■ Your assignment: The listing below is to be duplicated exactly, with every picture omitted.

■ Provided data:
________________________
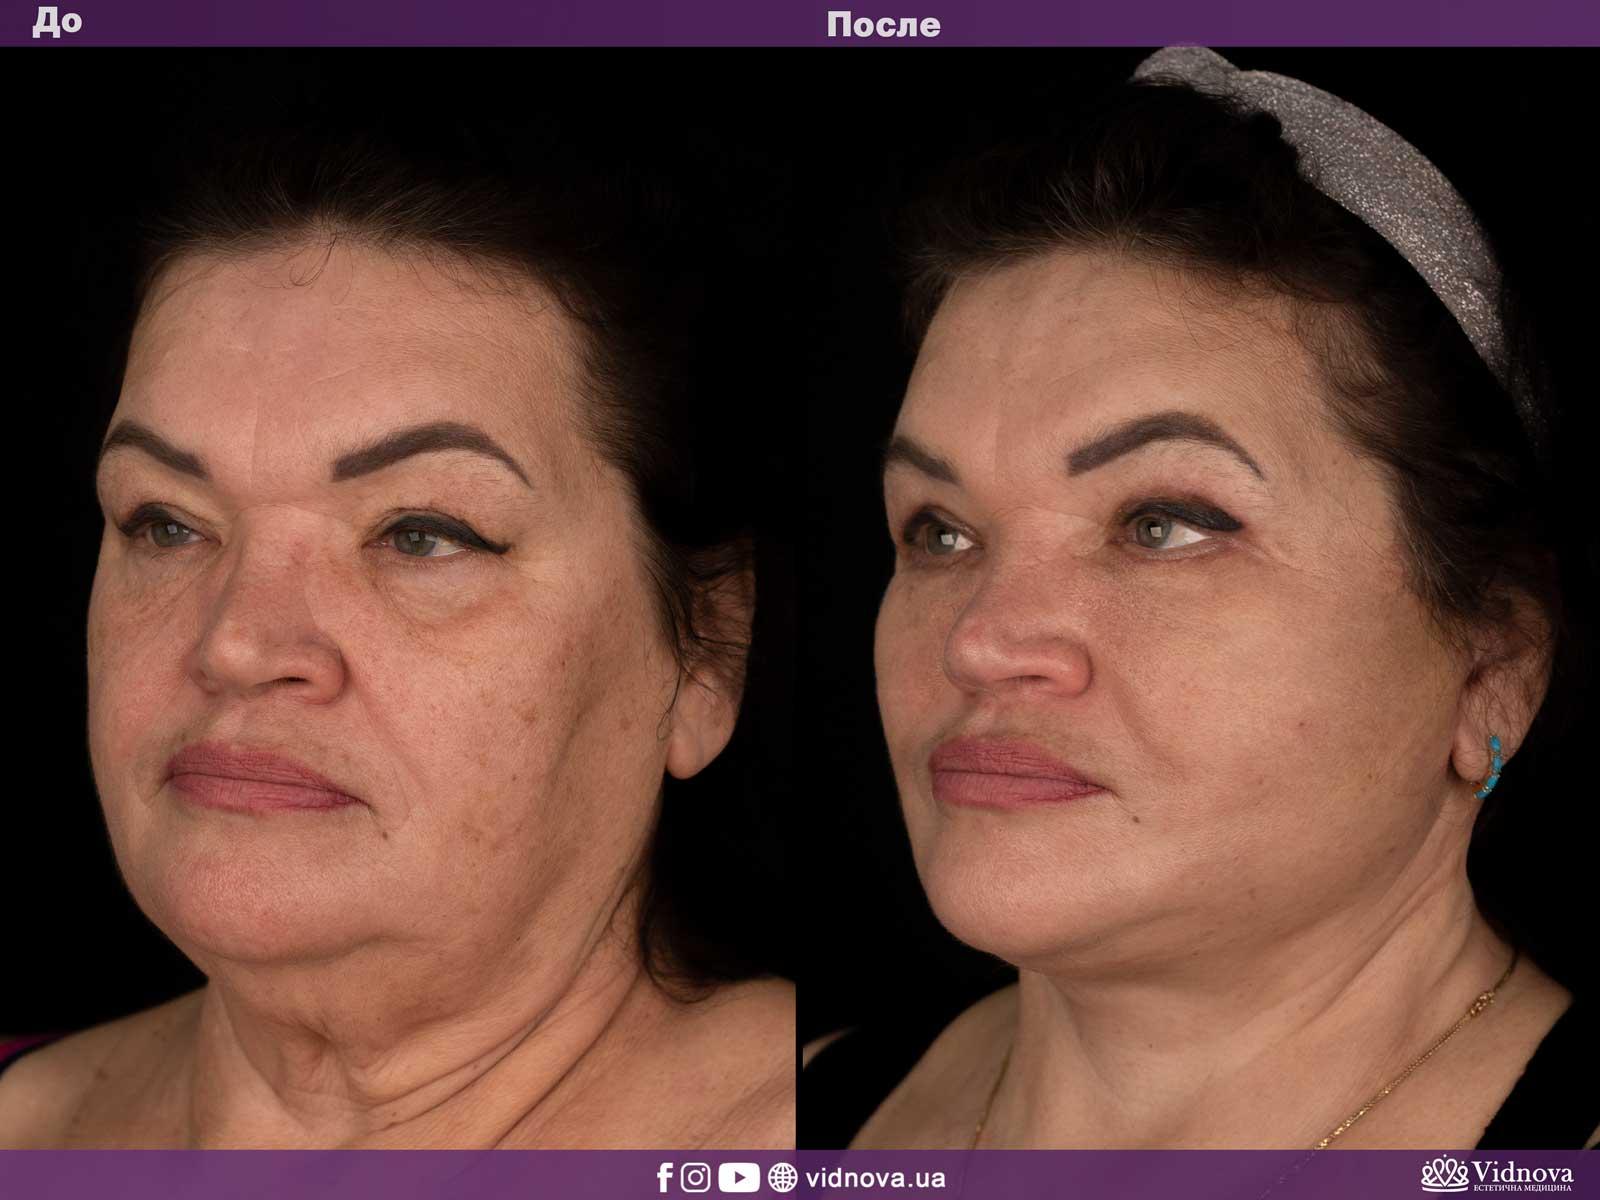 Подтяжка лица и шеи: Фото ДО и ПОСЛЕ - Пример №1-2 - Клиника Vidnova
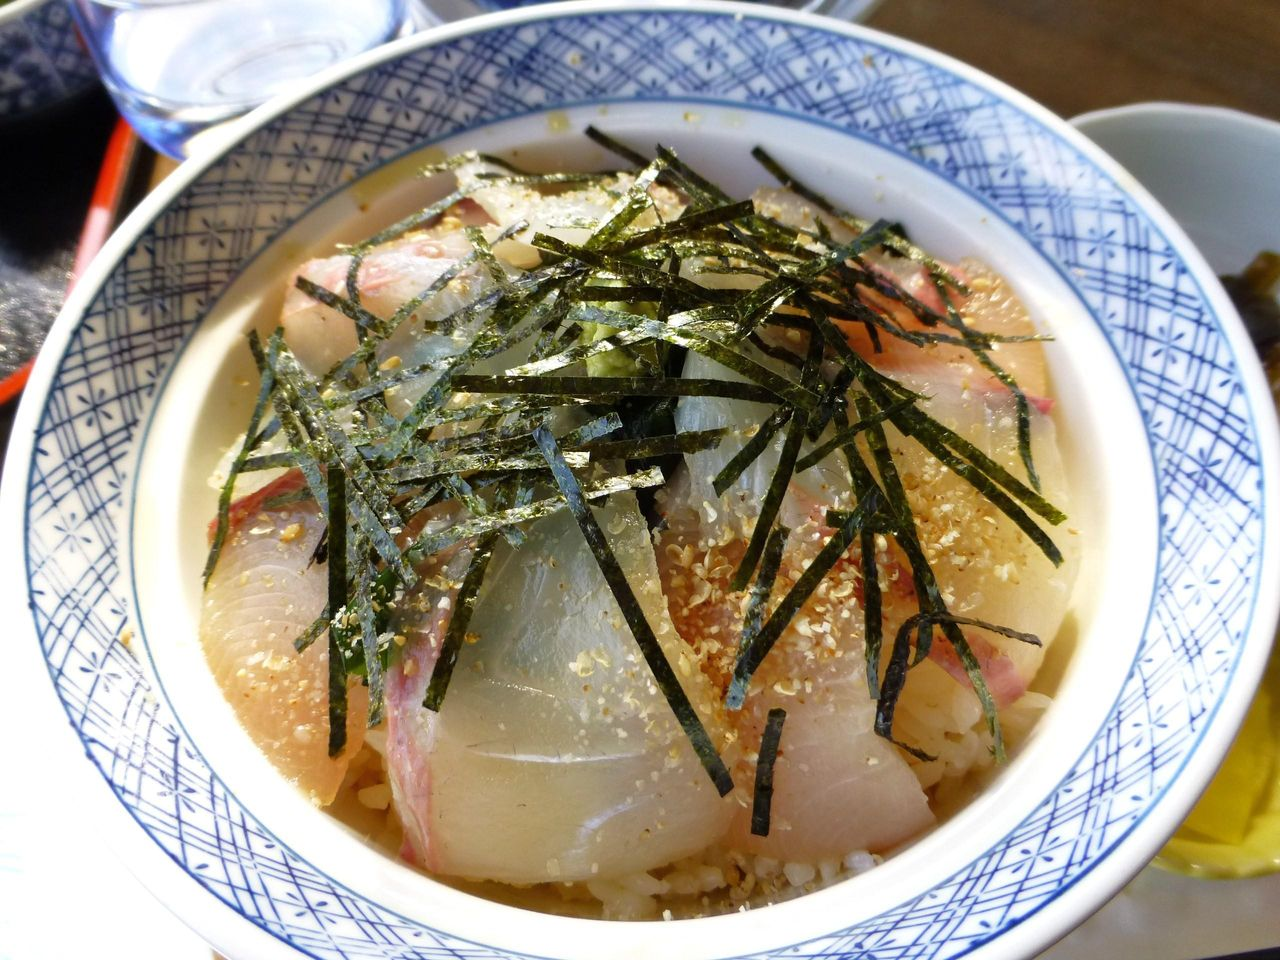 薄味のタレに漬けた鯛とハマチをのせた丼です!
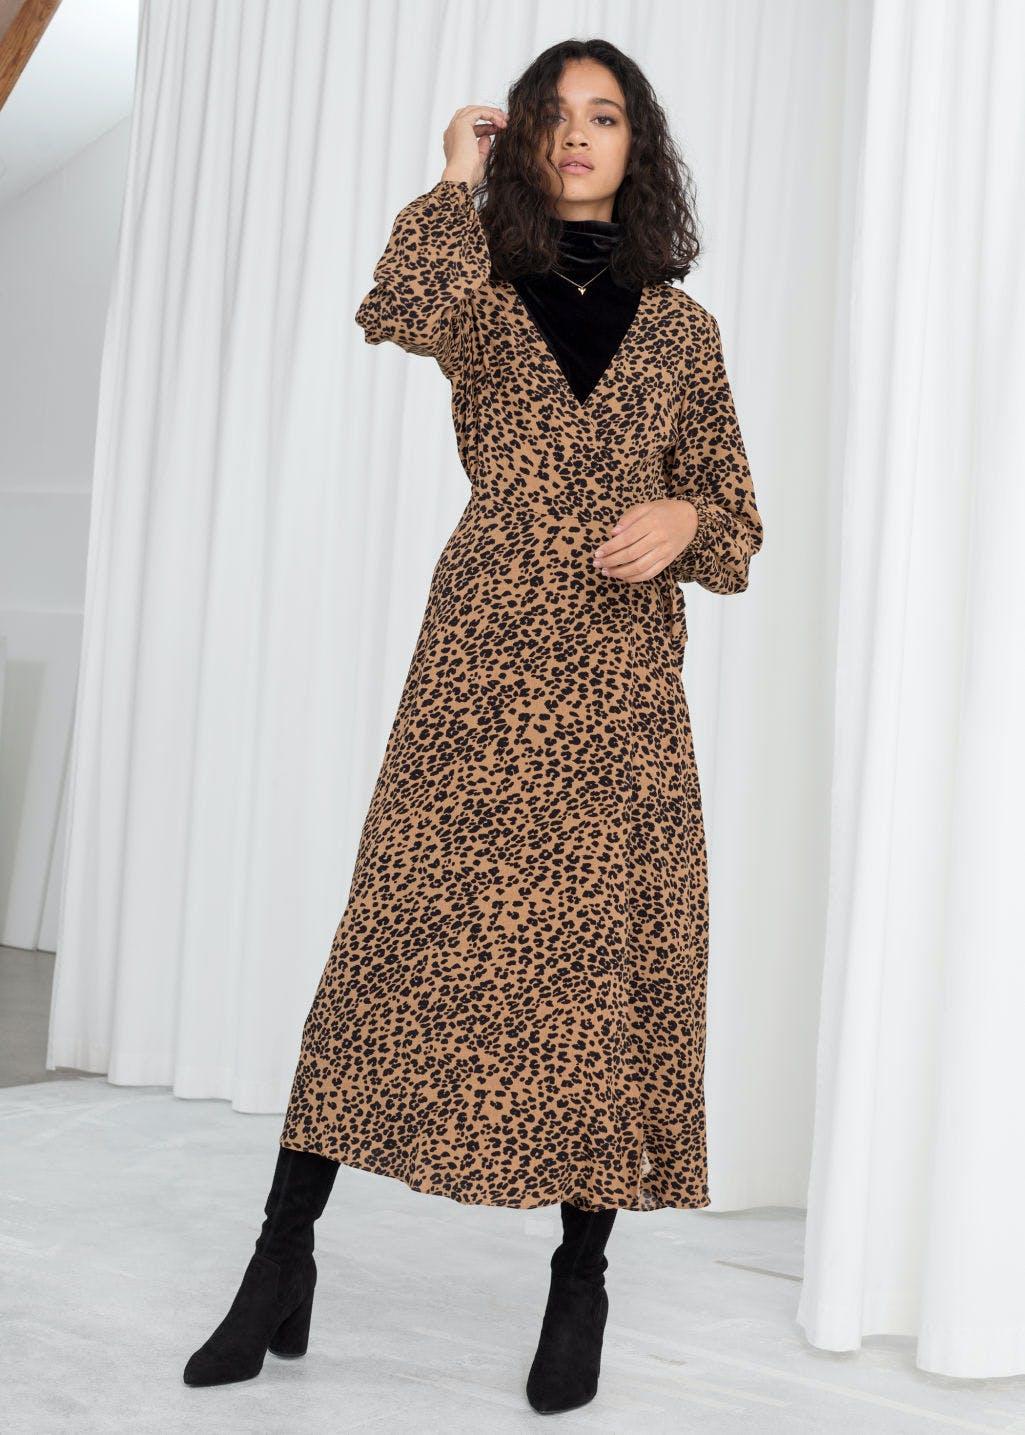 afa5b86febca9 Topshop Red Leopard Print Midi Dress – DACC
________________________
■ Output of the task:
 Подтяжка лица и шеи: Фото ДО и ПОСЛЕ - Пример №1-2 - Клиника Vidnova
 薄味のタレに漬けた鯛とハマチをのせた丼です!
 afa5b86febca9 Topshop Red Leopard Print Midi Dress – DACC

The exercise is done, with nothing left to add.